== Your assignment ==
Once you find the line with "Wool Blend Hooded Jacket" in the listing below, set down exactly every line from it through the line with "Cacao Santa Fe", but no pictures.
---------- Record extracts
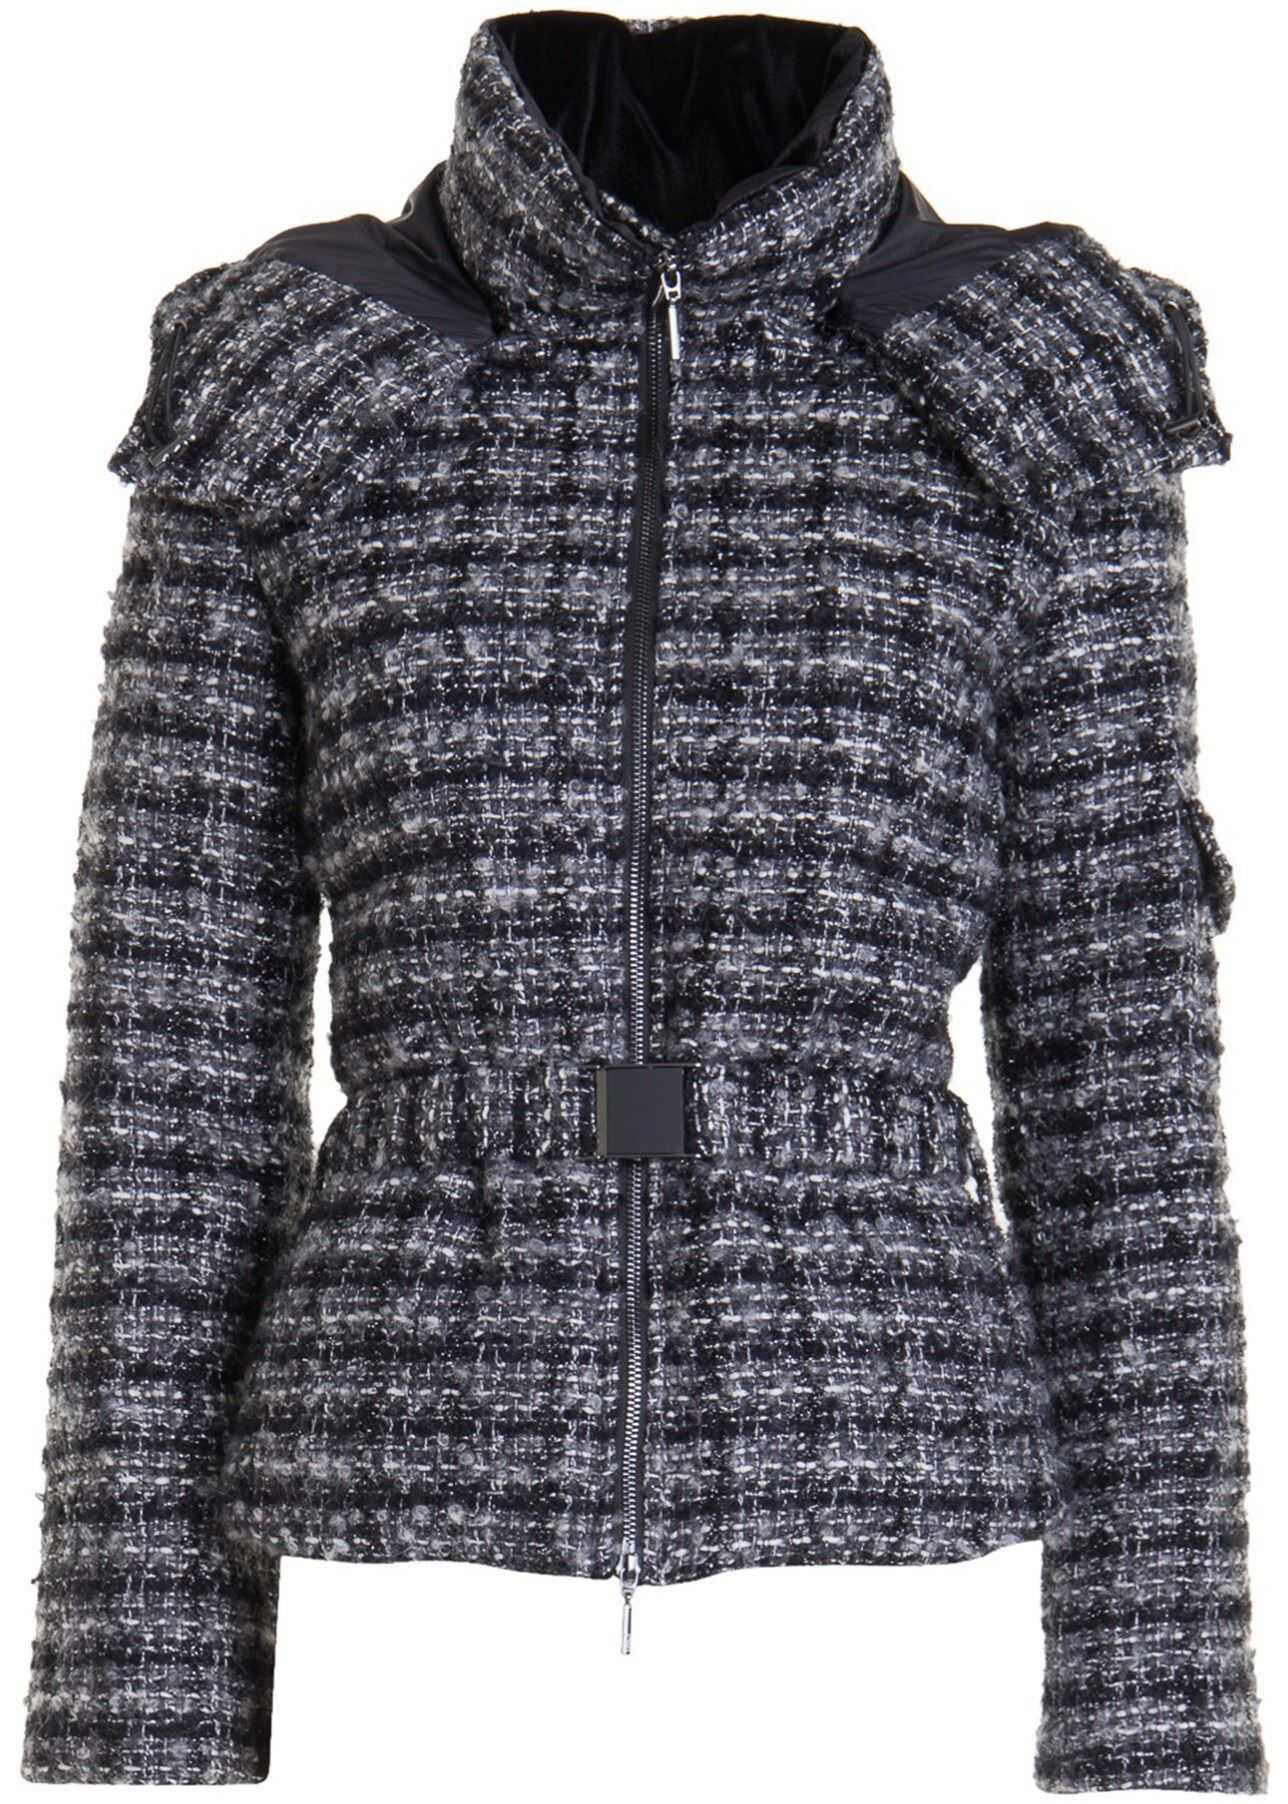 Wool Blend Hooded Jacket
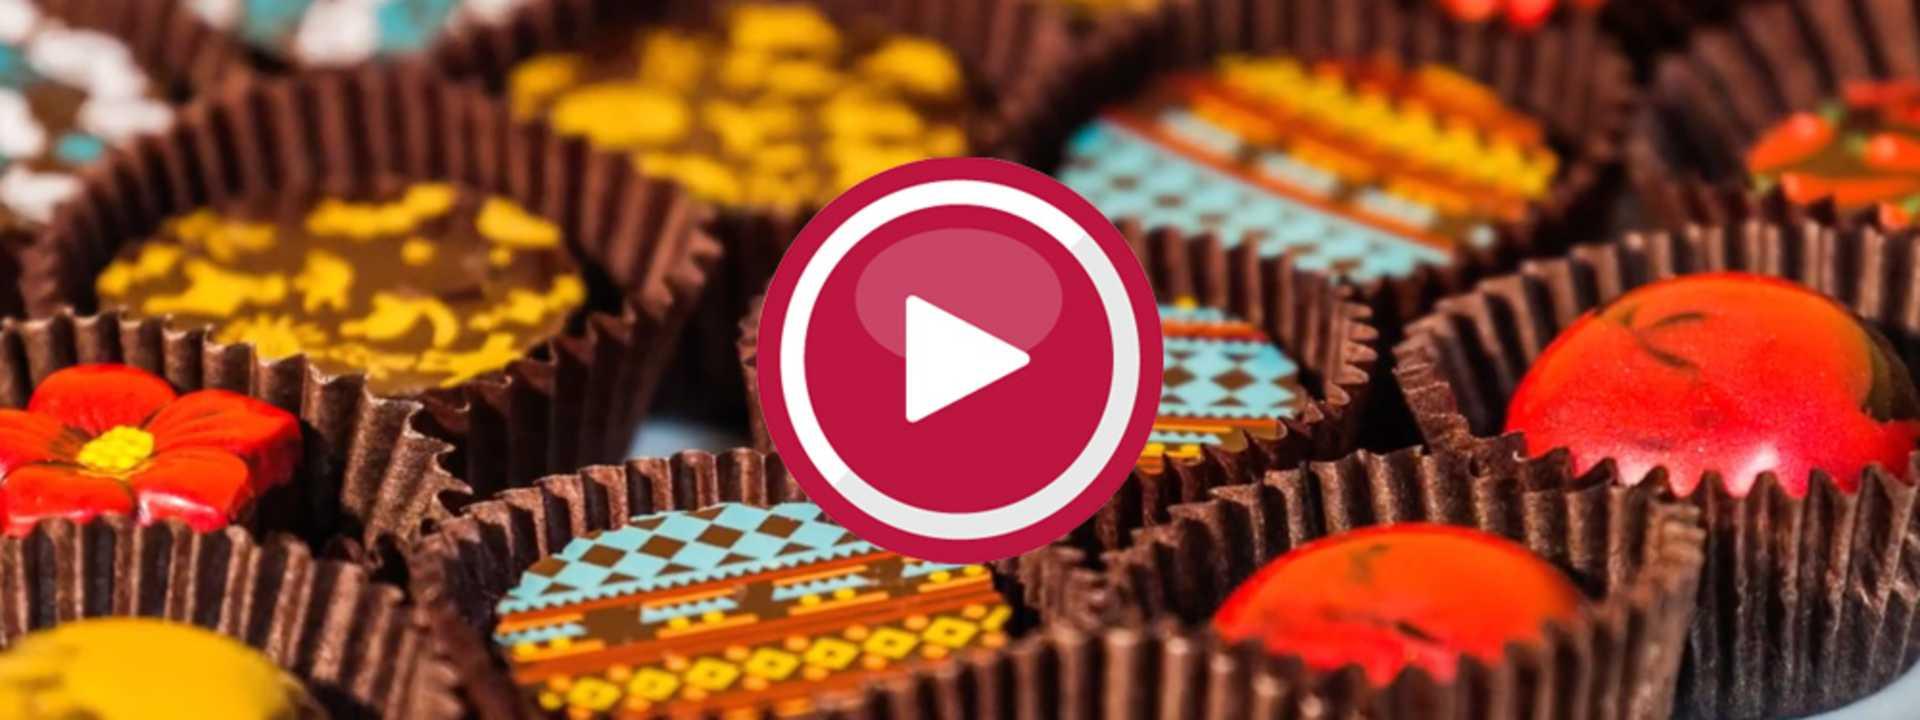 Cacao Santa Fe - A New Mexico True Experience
--------------------
---------- Record extracts
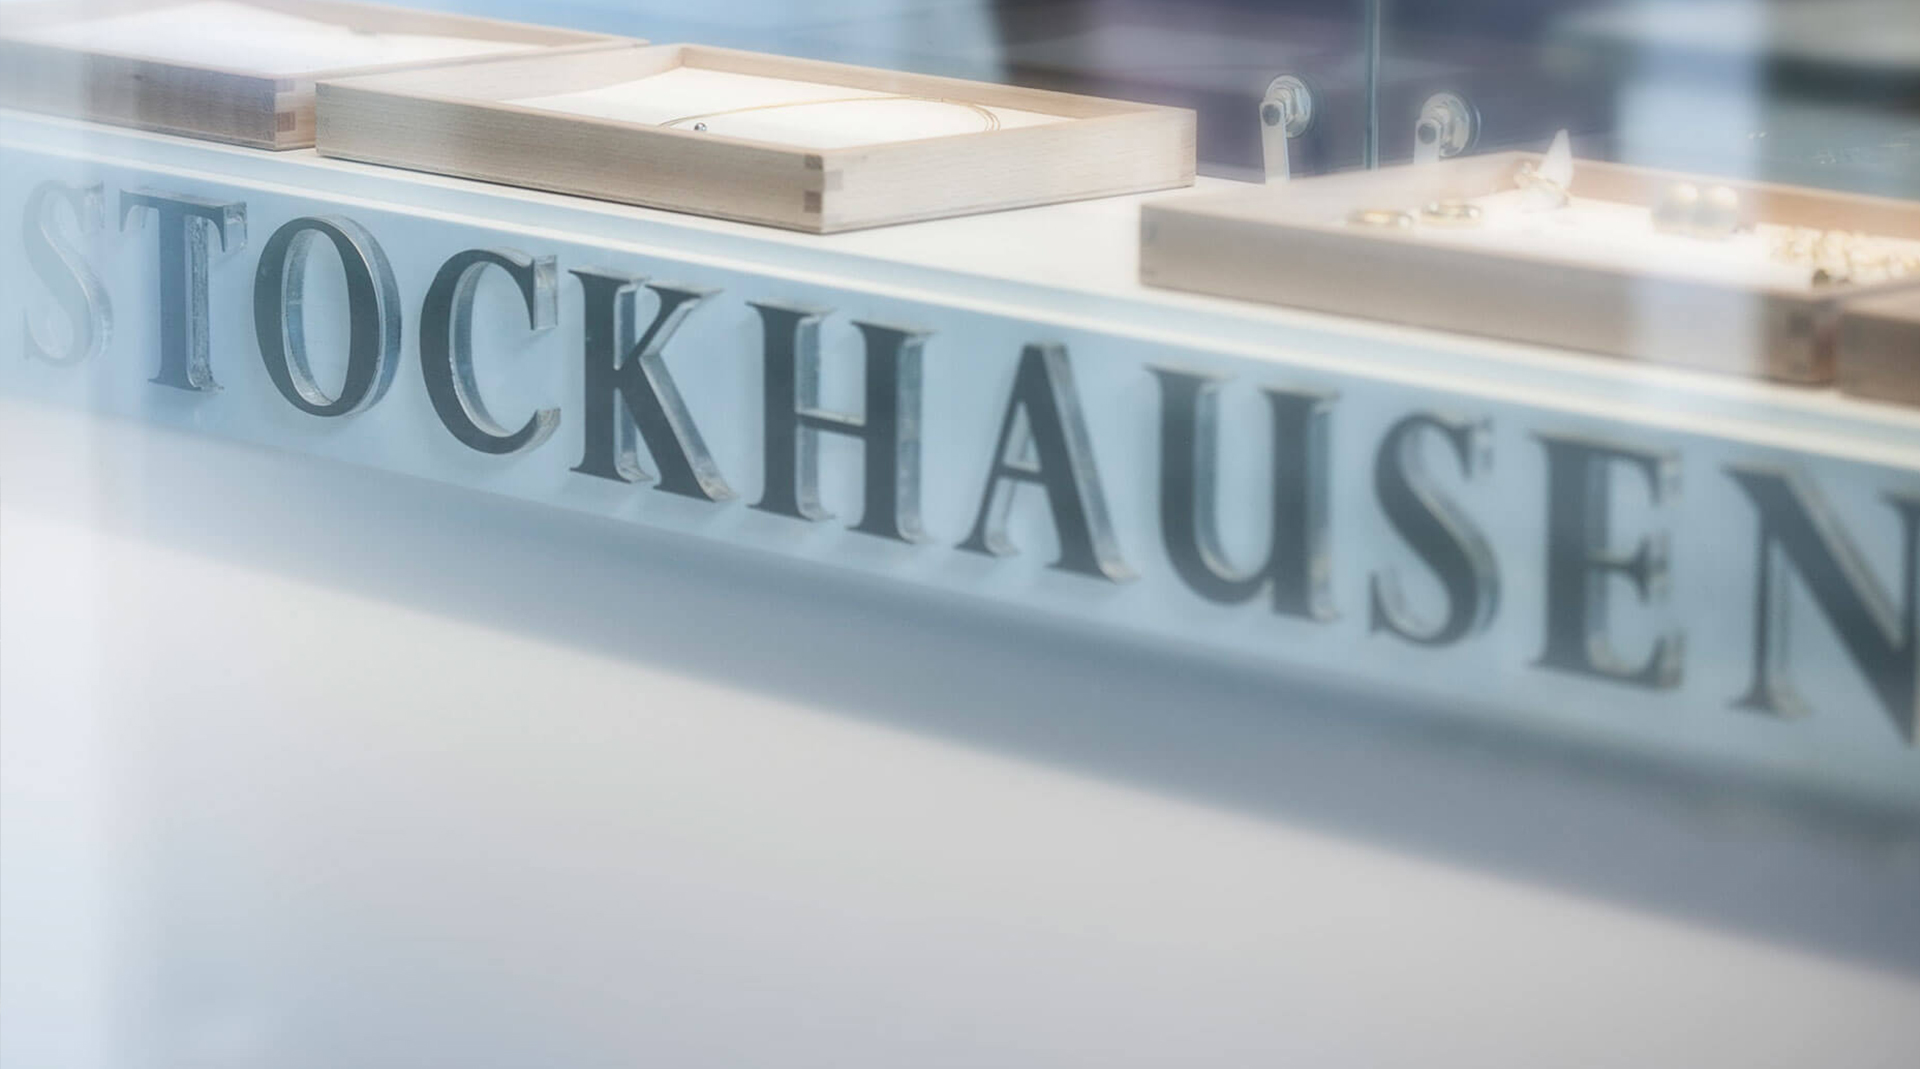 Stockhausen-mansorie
--------------------
---------- Record extracts
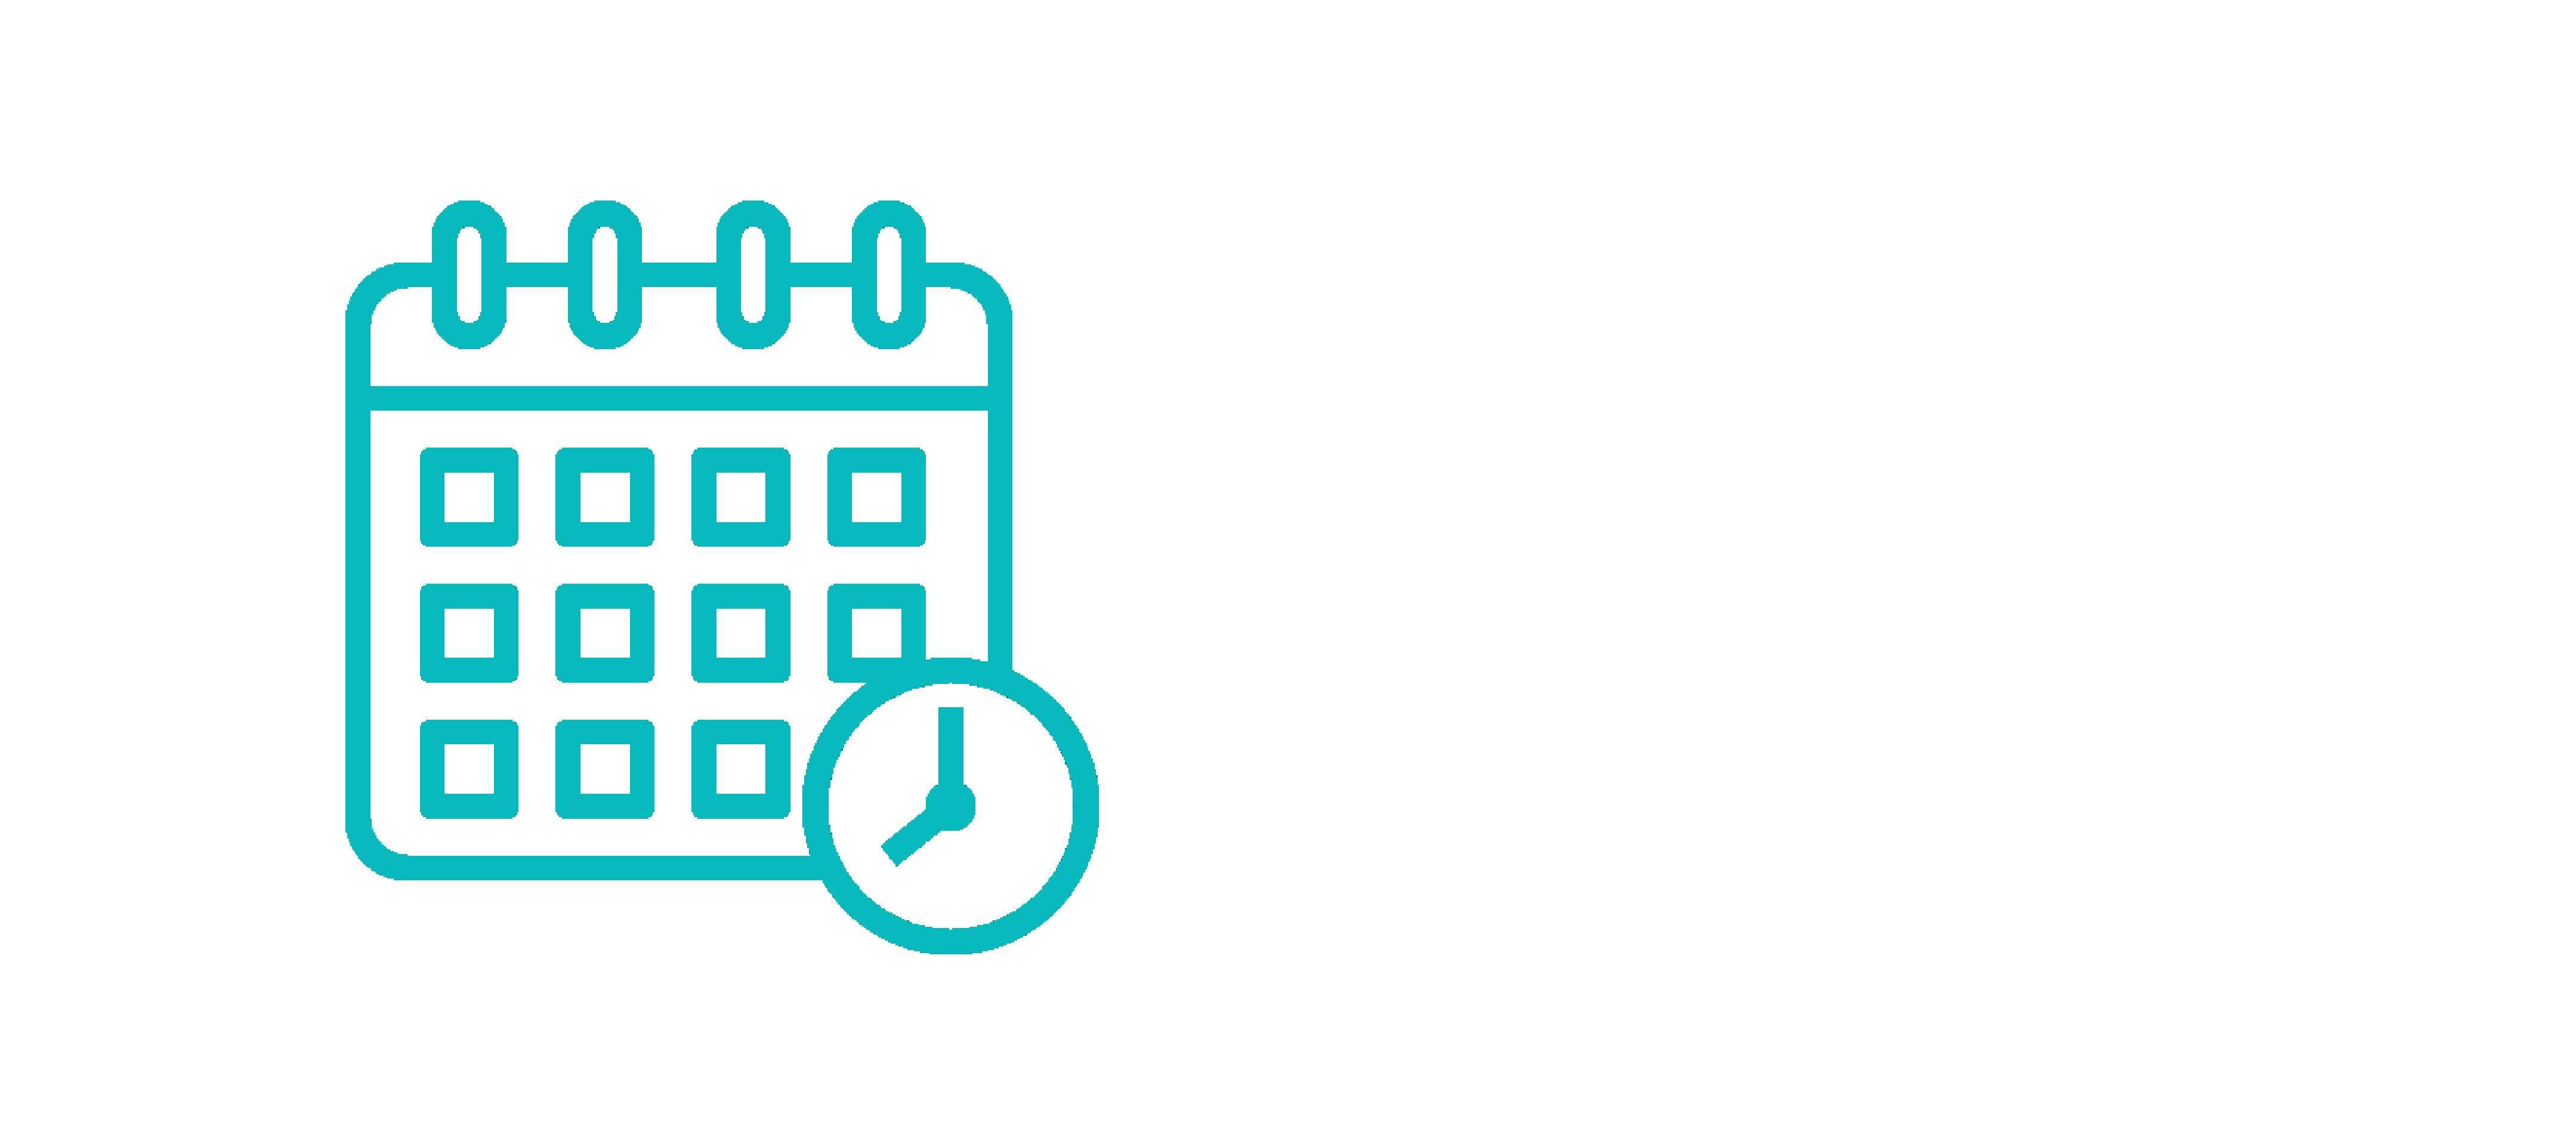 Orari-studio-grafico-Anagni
--------------------
== Answer space ==
 Wool Blend Hooded Jacket
 Cacao Santa Fe - A New Mexico True Experience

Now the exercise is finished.